Tinta Media - Tidak terasa kita sudah memasuki tahun yang baru, yakni tahun 2024. Sebelum memasuki tahu baru, setiap akhir bulan Desember, biasanya kebanyakan masyarakat merayakan pergantian tahun dengan pesta kembang api, tiupan trompet beserta hiburan-hiburan yang lainnya, seperti panggung musik di berbagai daerah. 
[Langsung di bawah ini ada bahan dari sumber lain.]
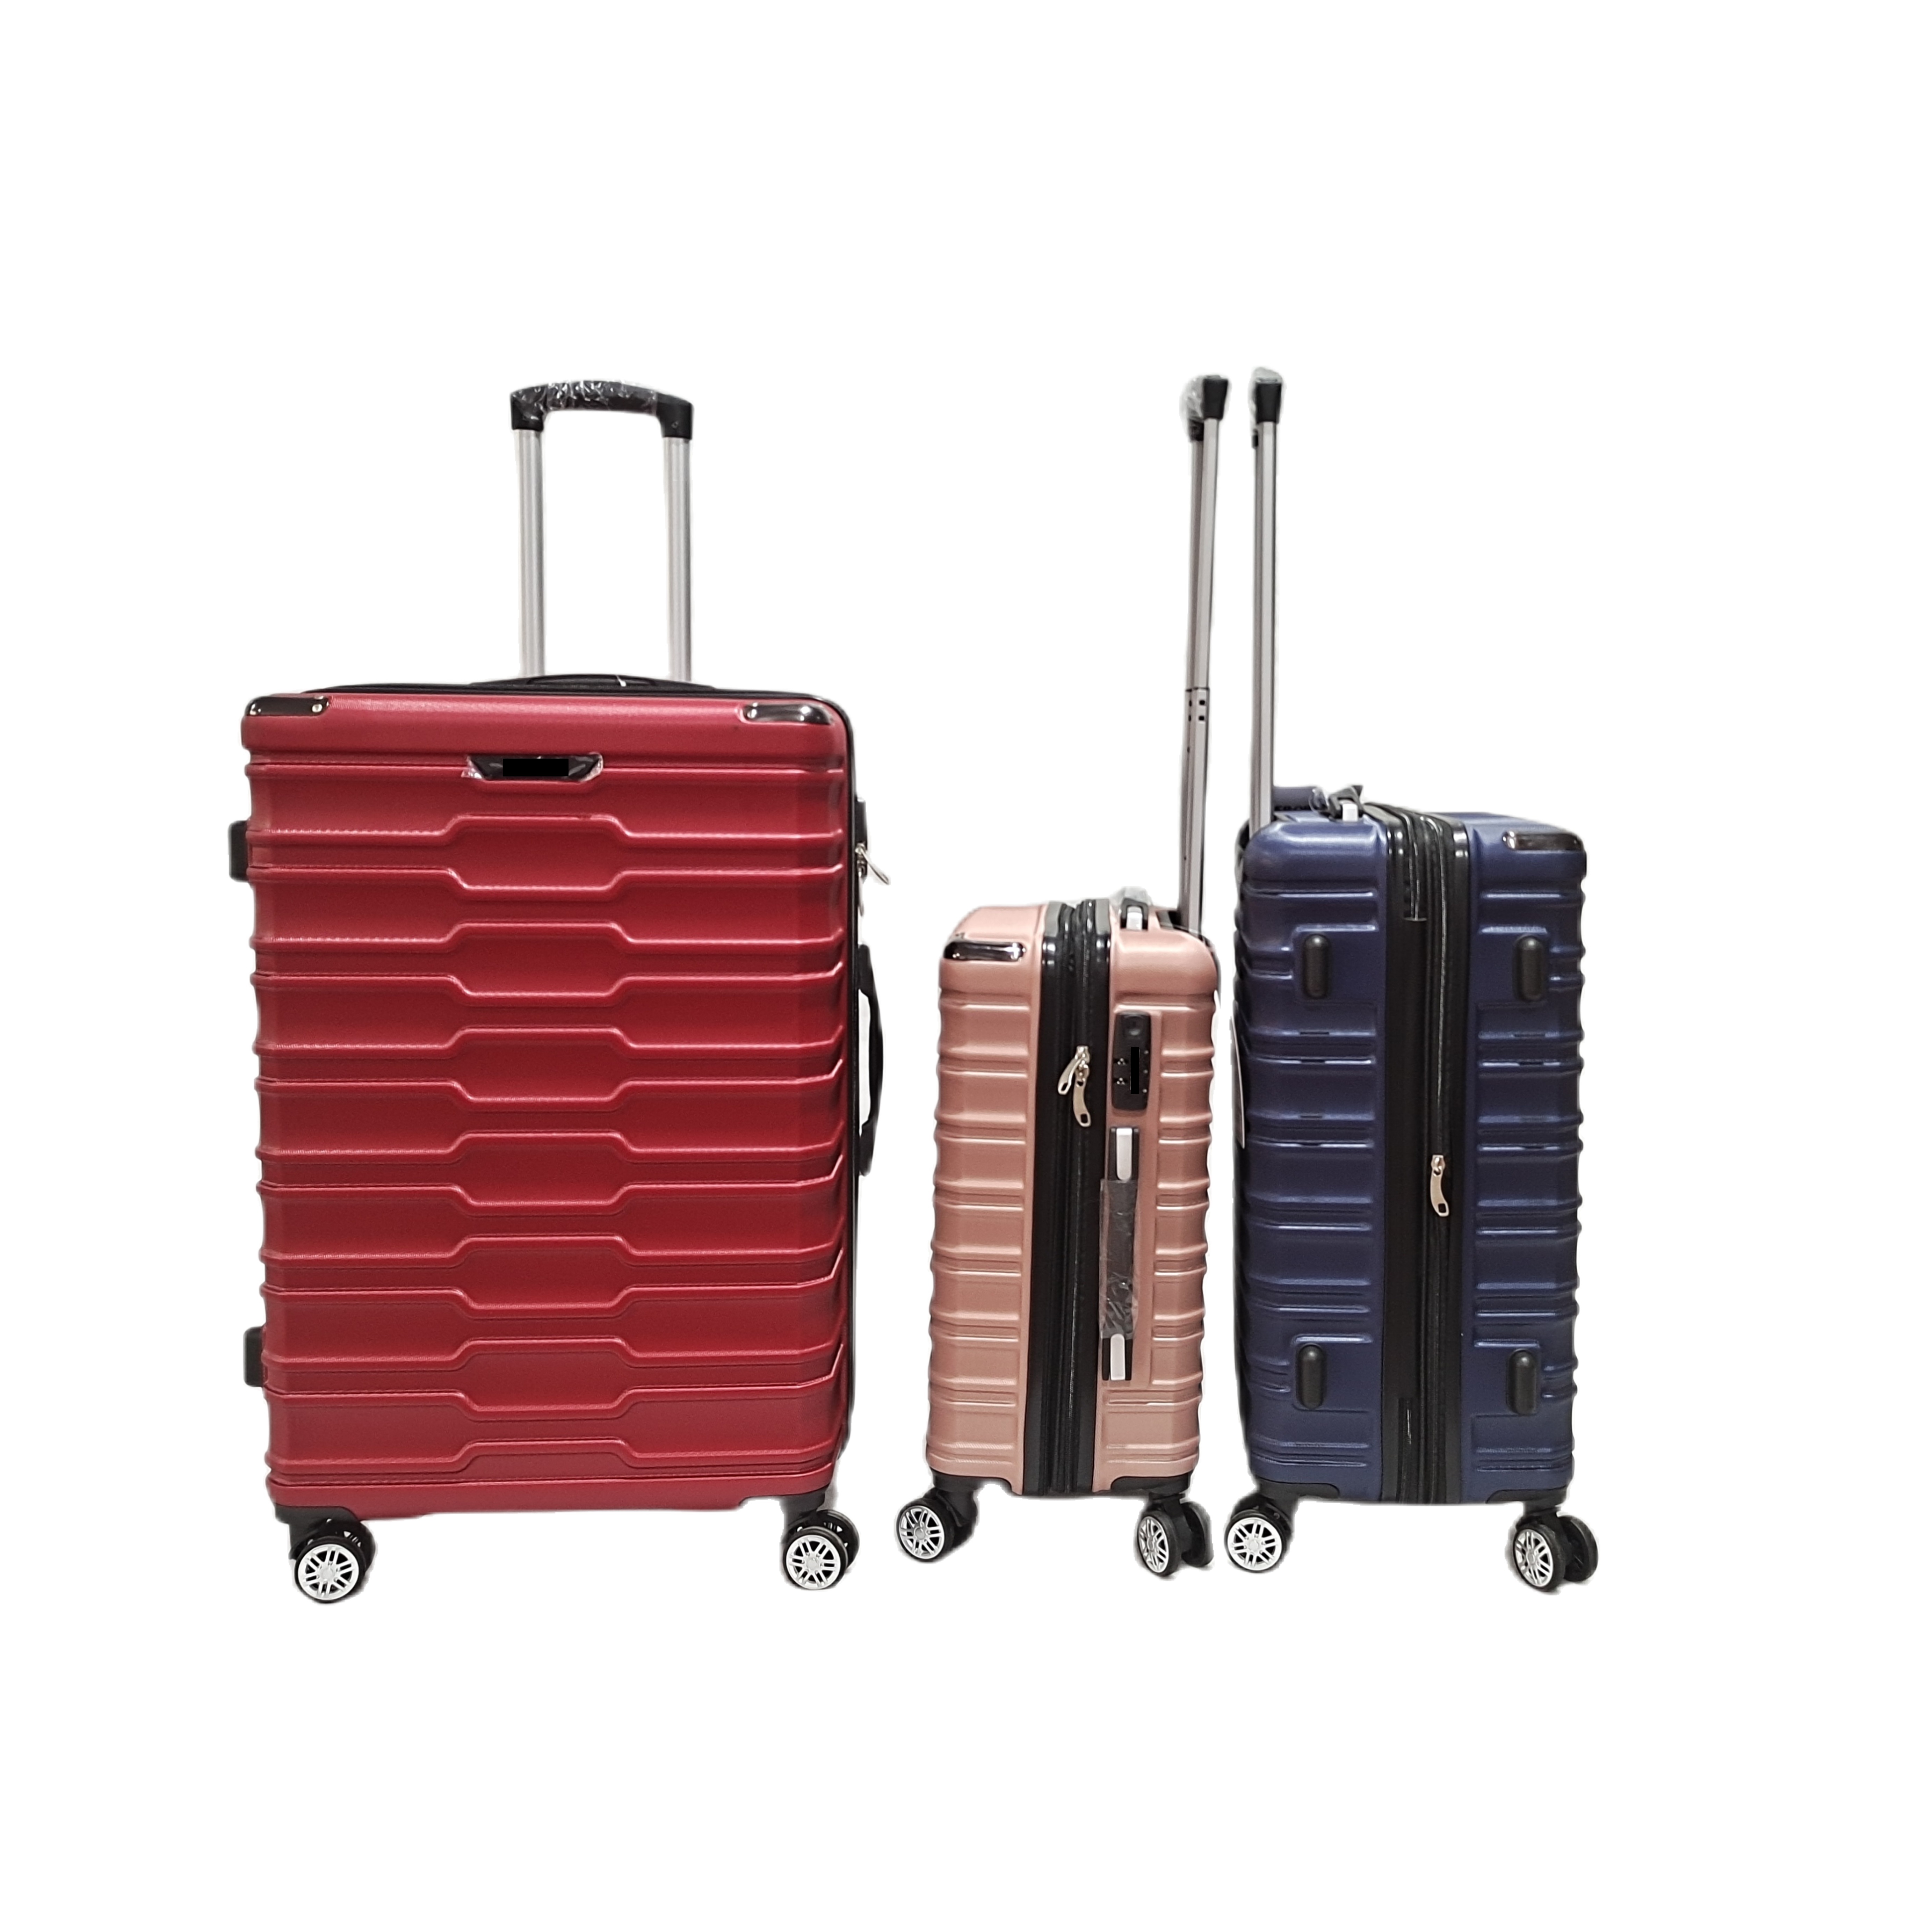 ست چمدان مسافرتی ABS مدل BusinessTrolley

Euforia pesta pergantian tahun tersebut ternyata tidak hanya ada di perkotaan saja. Di pelosok desa-desa pun masyarakat ikut riuh merayakannya. Bak sudah menjadi rutinitas tahunan yang wajib dilakukan, rasanya tak afdol jika malam tahun baru tidak ada perayaan. Karena itu, pasti setiap tahun selalu ada. 

Memang, tidak ada yang salah dengan tahun baru. Akan tetapi, kita sebagai umat Islam harus lebih teliti dan menyeleksi. Kita harus tahu dan mencari tahu, apakah kegiatan atau perbuatan yang kita lakukan dalam kehidupan sehari-hari, termasuk dalam perayaan tahun baru ini dibenarkan menurut agama atau tidak? Kita juga harus tahu, apakah kegiatan kita sudah sesuai dengan aturan Allah atau tidak? Jangan sampai apa yang kita lakukan justru melenceng dari tuntunan agama atau bahkan merusak akidah kita. 

Jika berbicara mengenai tahun baru Masehi, tidak lengkap rasanya jika tidak menguak sejarah penanggalan tahun Masehi. Asal muasal kalender Masehi yang saat ini digunakan sebagai penanggalan di sebagian besar penduduk dunia, ternyata berasal dari kalender yang dibuat seorang kaisar dari negeri Romawi yang bernama Kaisar Julian, kemudian kalendernya dinamai Kalender Julian. Setelah itu, kalender tersebut diambil dan dimodifikasi oleh Paus di Vatikan, yang bernama Paus Gregorius. 

Hasil modifikasi inilah yang kemudian berubah menjadi Gregorius Kalender. Hingga pada suatu ketika, dalam suatu pertemuan yang dilakukan oleh Perkumpulan Bangsa-Bangsa (PBB), Kalender Georgian ini disepakati sebagai kalender yang akan digunakan secara seragam di seluruh dunia, termasuk Indonesia yang masuk anggota PBB. Artinya, kalender Masehi ini memang bukan berasal dari Islam, tetapi dari nonmuslim. 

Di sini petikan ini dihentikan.